Telingaku bagai di sambar petir, hingga jantungku hampir berhenti berdetak. Aku termangu menatap bapak dengan tatapan tak percaya, beliau tahu aku sangat mencintai Mas Lukman, begitupun Mas Lukman yang sangat mengasihiku. Dia adalah lelaki pertama yang menjadi kekasihku sekaligus yang pernah ku bawa pulang untuk ku kenalkan pada orangtuaku. Dia adalah cinta pertamaku, dan ku yakini akan menjadi cinta terakhirku pula. Tapi detik ini...

"Maksud..., maksud bapak apa ya?" tanya mas Lukman, "apakah saya melakukan kesalahan pak, kalau begitu tolong kasih tahu biar saya coba memperbaikinya pak?"

"Pak, kok...bapak bicara seperti itu?" tanyaku masih tak mengerti, bapak masih menatap wajah mas Lukman, "nak Lukman ndak melakukan kesalahan apa-apa, tapi hubungan nak Lukman dengan anak kami...ndak seharusnya terjadi!" jelas bapak. Ku gelengkan kepalaku perlahan dengan mata yang memanas.

Bisa ku rasakan mas Lukman juga menampakan ekspresi yang sama denganku, tak mengerti dengan semua ini. Kami sedang berada di tangga menuju puncak kebahagiaan, bahkan beberapa saat lalu kami masih bisa merasakan butir-butir rasa bahagia itu, tapi kini..., rasanya kami baru saja di hempaskan ke lubang yang dalam dan gelap tanpa sebab yang pasti.

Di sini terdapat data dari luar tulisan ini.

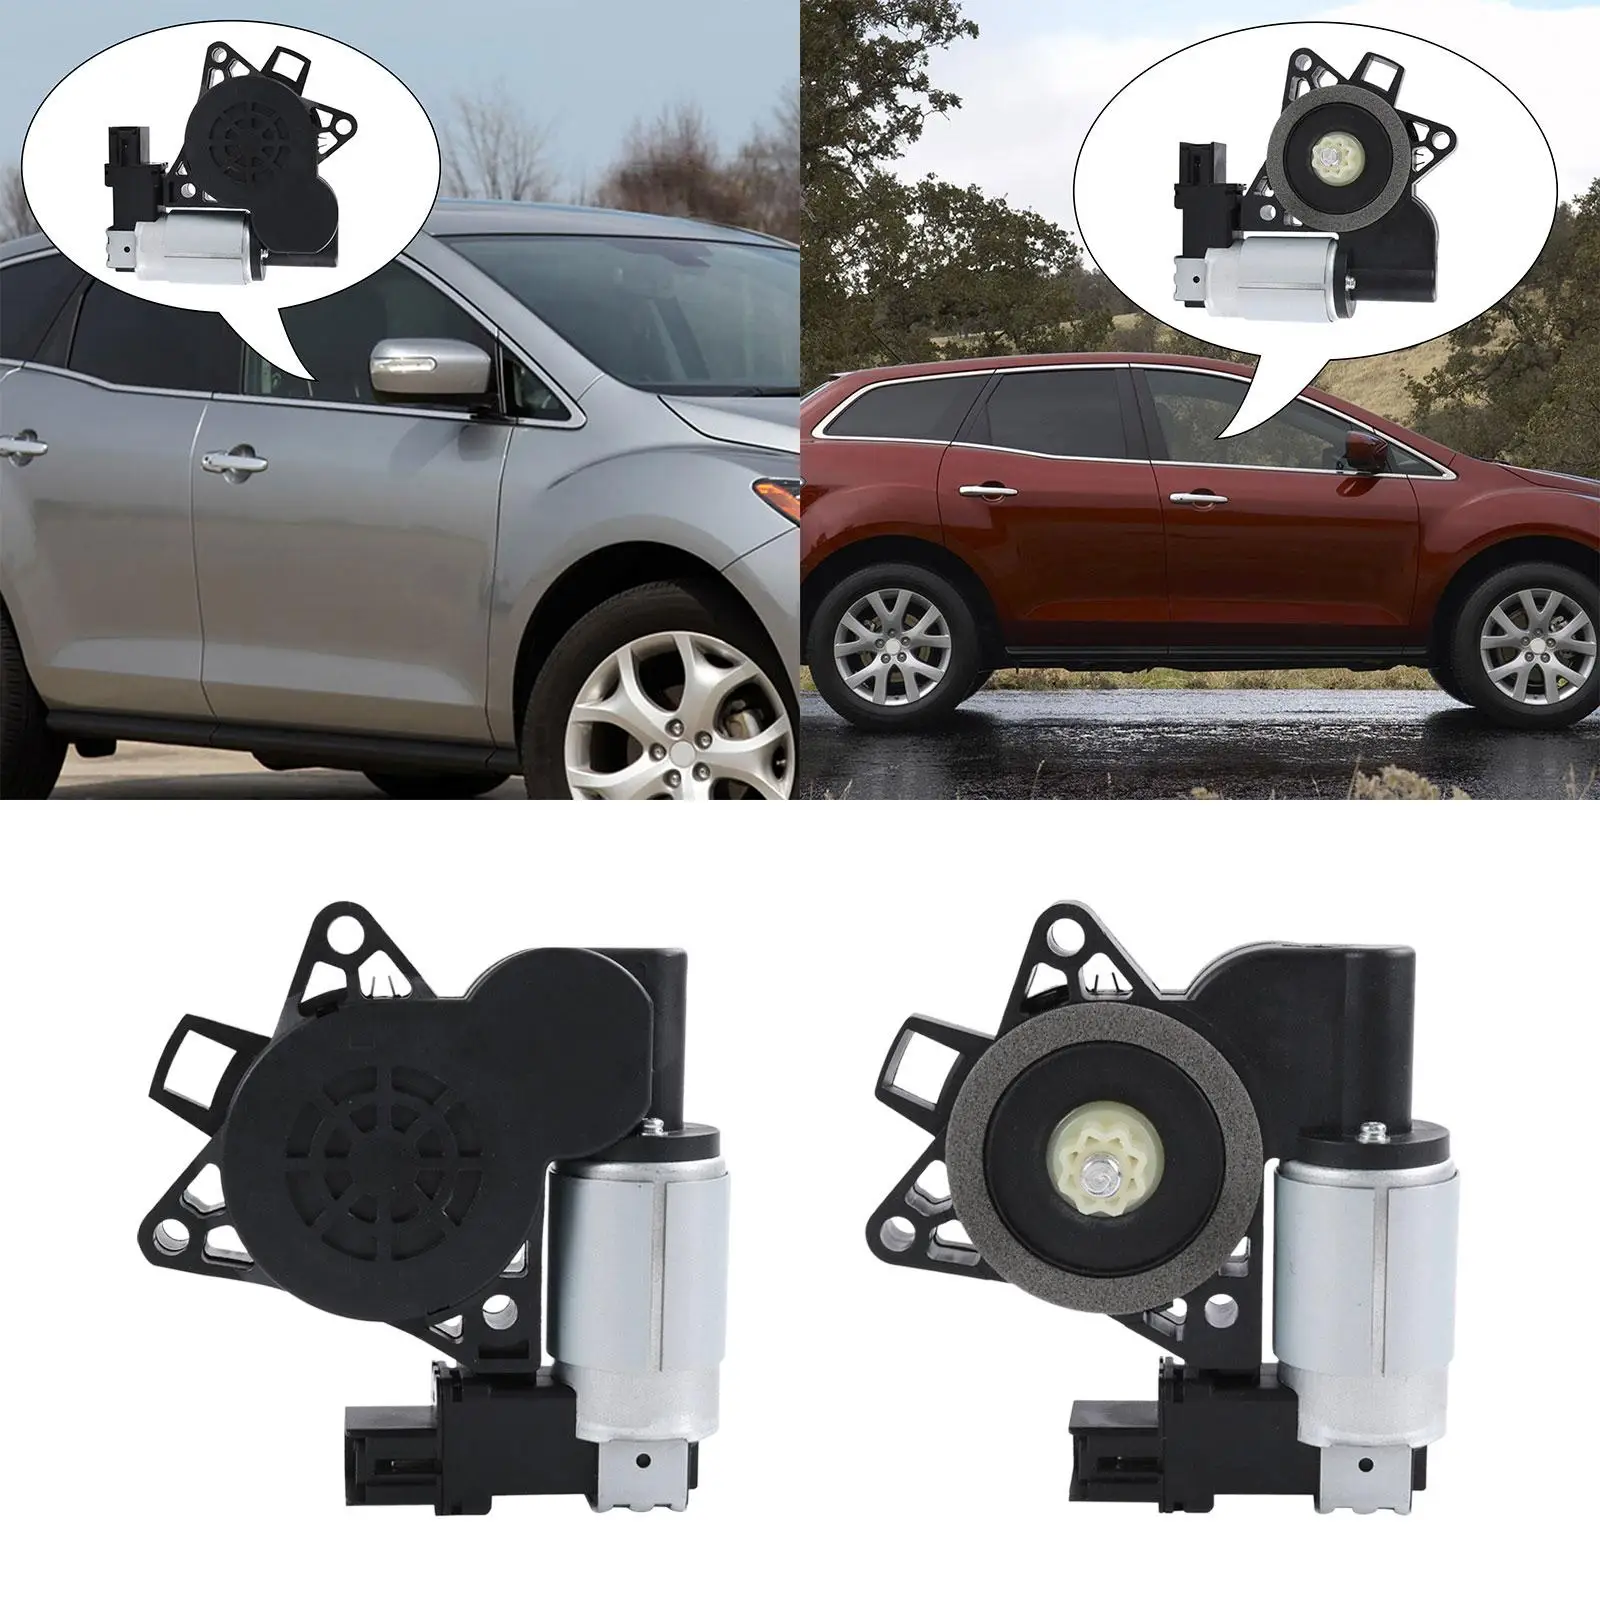 Power Window Lifter Motor Practical Replacements for Mazda RX-8 6

"Kenapa pak?" tanyaku lagi, sebutir airmata menggelinding di pipiku. Hangat ku rasakan, "kenapa-begitu. Apakah ada yang salah, bukankah selama ini...bapak dan ibu setuju dengan hubungan kami?"

"Maafkan bapak nduk, tapi ini yang terbaik untuk kalian. Terutama kamu, sebelum semuanya kian jauh!"

"Tapi Rizka ndak ngerti pak, kenapa tiba-tiba bapak...!"

"Pernikahan kalian ndak akan di setujui oleh keluarga nak Lukman, juga oleh negara!"

Aku kian tercekat dengan pernyataan bapak, apa maksud semua perkataannya? Dan dadaku mulai bergemuruh, seolah sesuatu yang buruk memang benar adanya.

"Pak, saya benar-benar ndak ngerti pak. Apa maksud bapak?" tanya mas Lukman.

Bapak menoleh ibu sejenak, lalu memutar pandangannya ke arahku dan berakhir di wajah mas Lukman, tatapannya sungguh tak aku mengerti.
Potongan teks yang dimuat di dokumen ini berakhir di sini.